ITRS-Group / monitor-merlin

Module for Effortless Redundancy and Loadbalancing In Naemon
https://itrs-group.github.io/monitor-merlin/
GNU General Public License v2.0
22 stars 14 forks source link

[Question] New peer unsynced #2

Closed oneingan closed 7 years ago

oneingan commented 8 years ago

Hi, finally I get working an automated load balanced naemon core with merlin. But I have a problem now (maybe is working as expected).

If I add a comment (or downtime) with two peers running, the comment spread all over the peers. But If I add a new third peer this one doesn't get the old information from other peers.

Is this expected? Maybe some option is needed to get in sync?

Thanks in advance.

pengi commented 8 years ago

It's a known issue, since the goal from the beginning was more or less just to distribute the check execution and notifications. But for most practical scenarios it should be possible to solve anyway. And it's possible to manually sync if something happens later too.

We usally recommend to use one peer as the "main" peer, to do all user interactions upon. However, it doesn't solve the downtime problem, and also for custom notiifications.
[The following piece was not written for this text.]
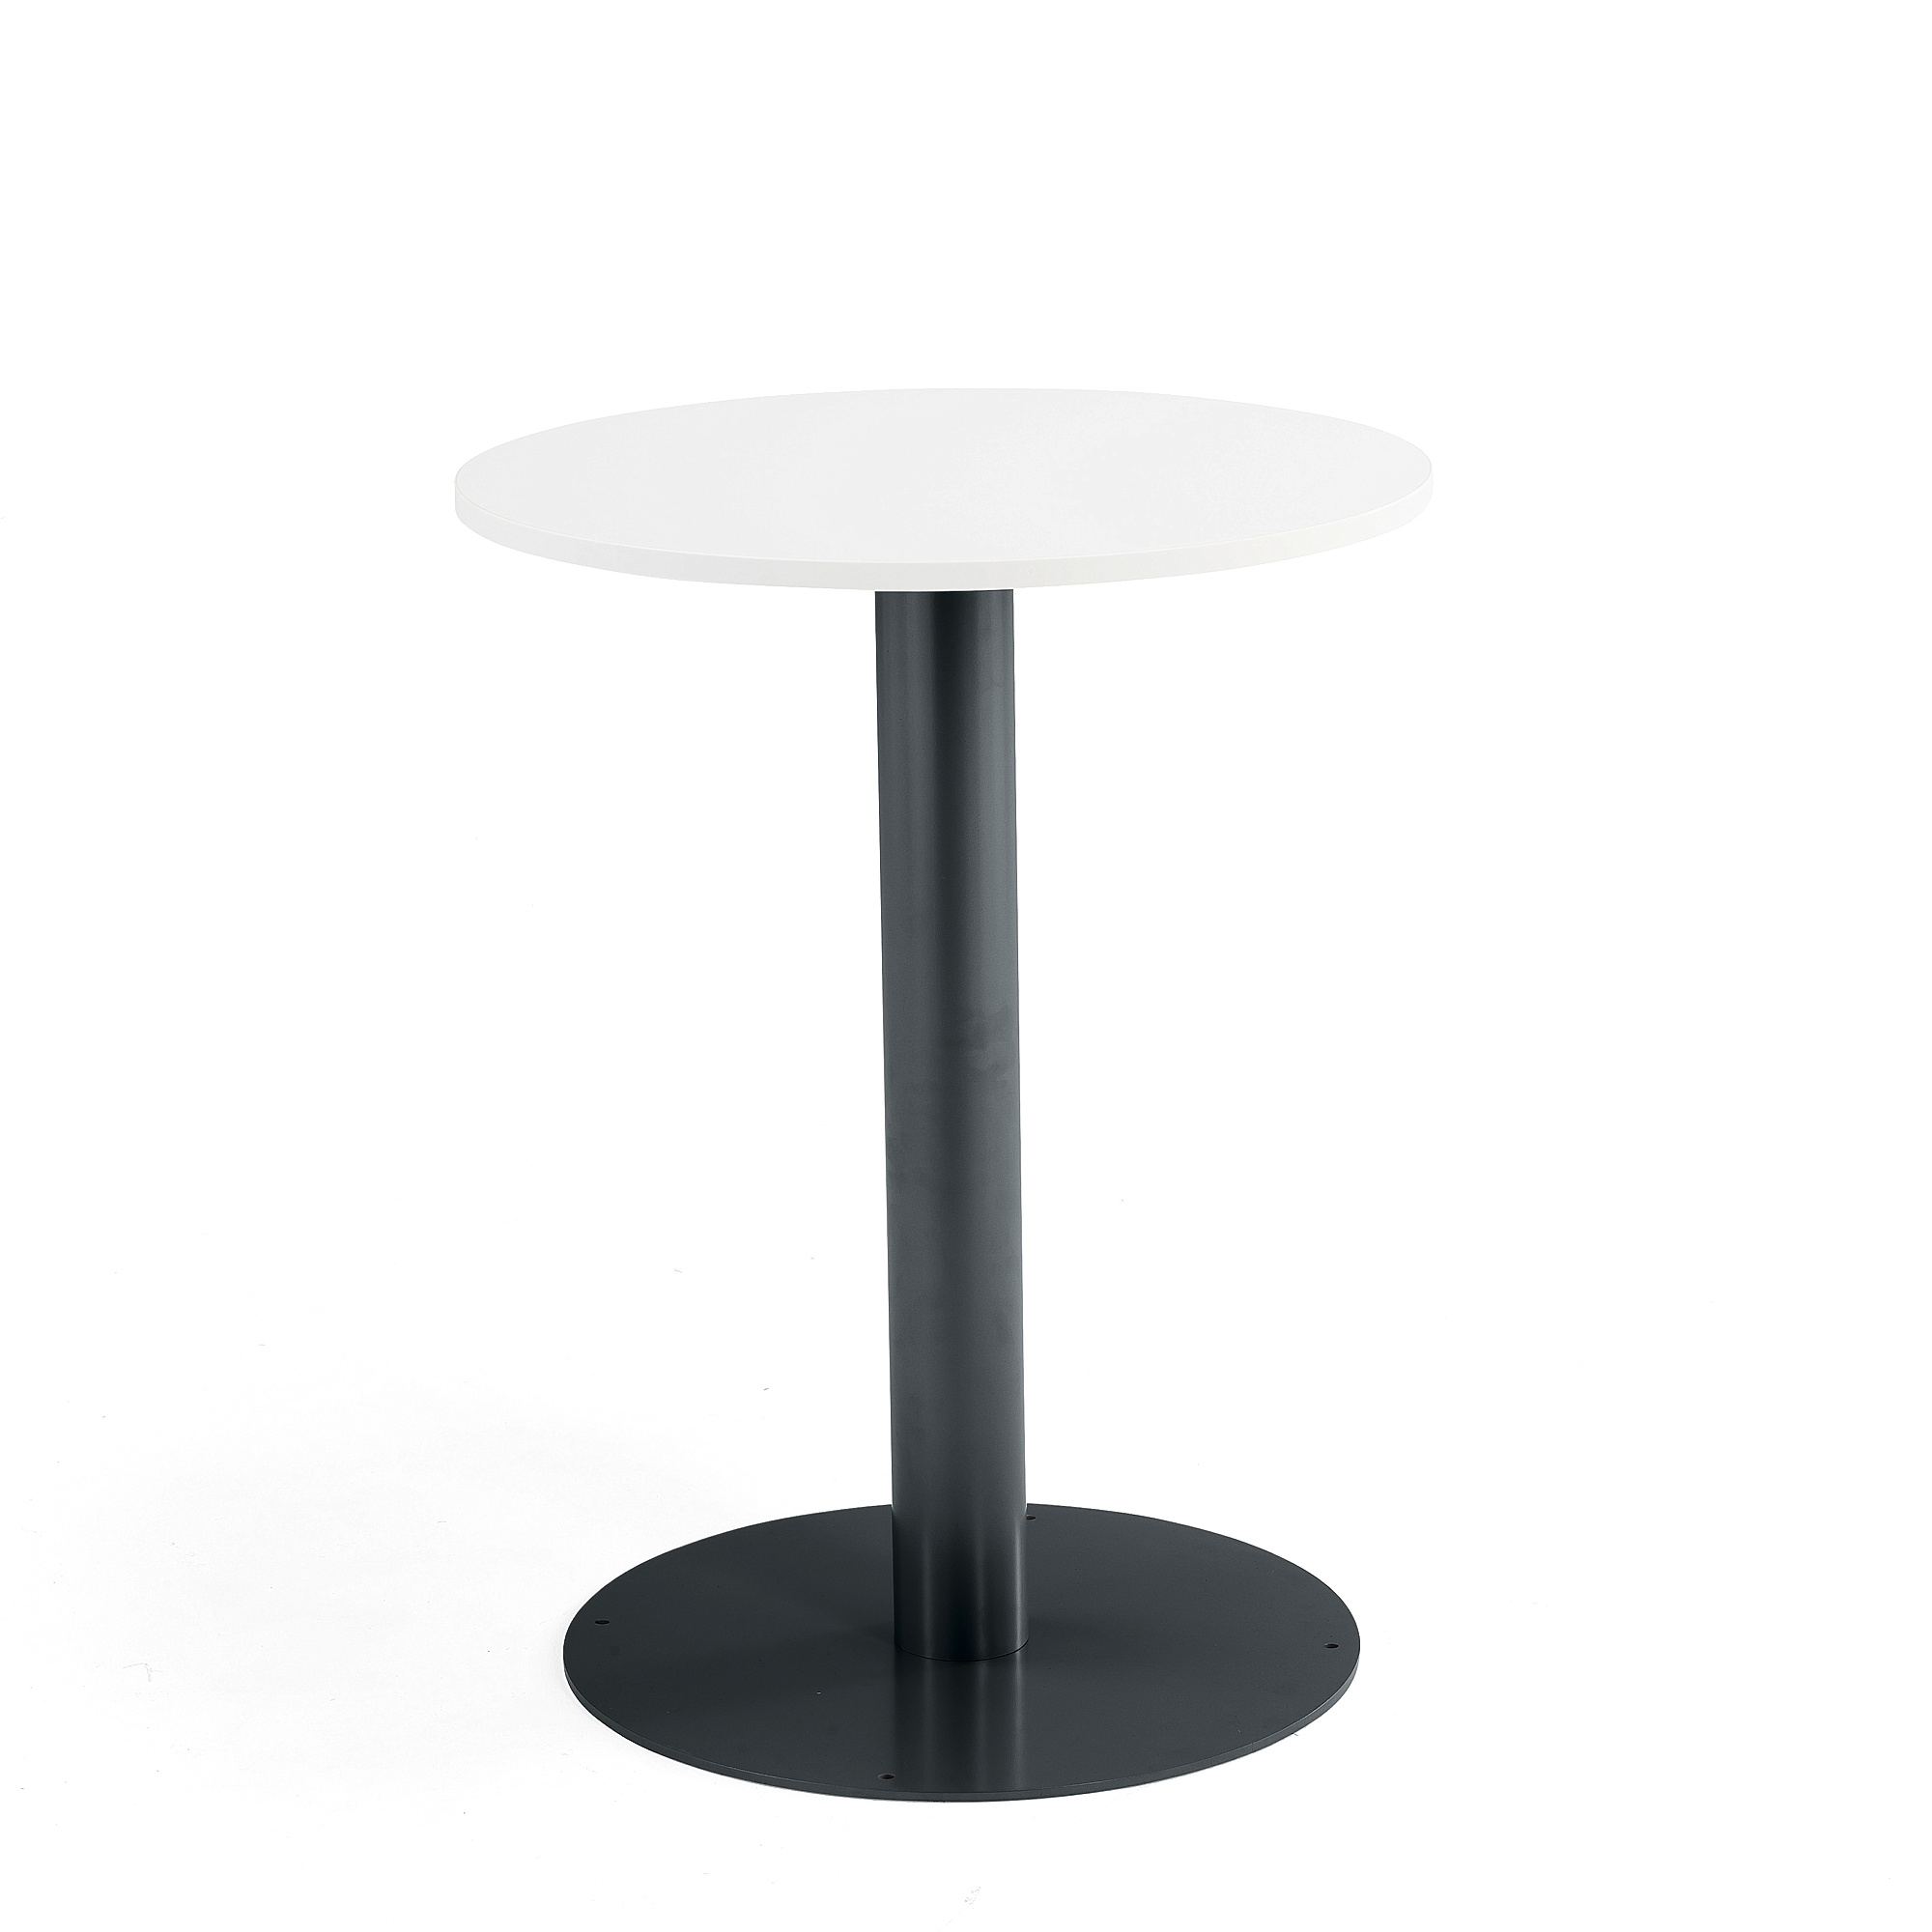 Kulatý stůl Alva, Ø700x900 mm, bílá, antracitově šedá

It should be possible to do is to copy the state retention file from an existing peer to the new peer while setting it up, to manually sync the initial data. See state_retention_file

For shorter outages later, the existing nodes keeps a log (binlog) of all messages that should have been sent to the different peers while they are offline, and then play those back when the peer connects, so missed events will be propagated anyway. For longer outages, when the binlog gets full, you can resync by copying the retention data manually.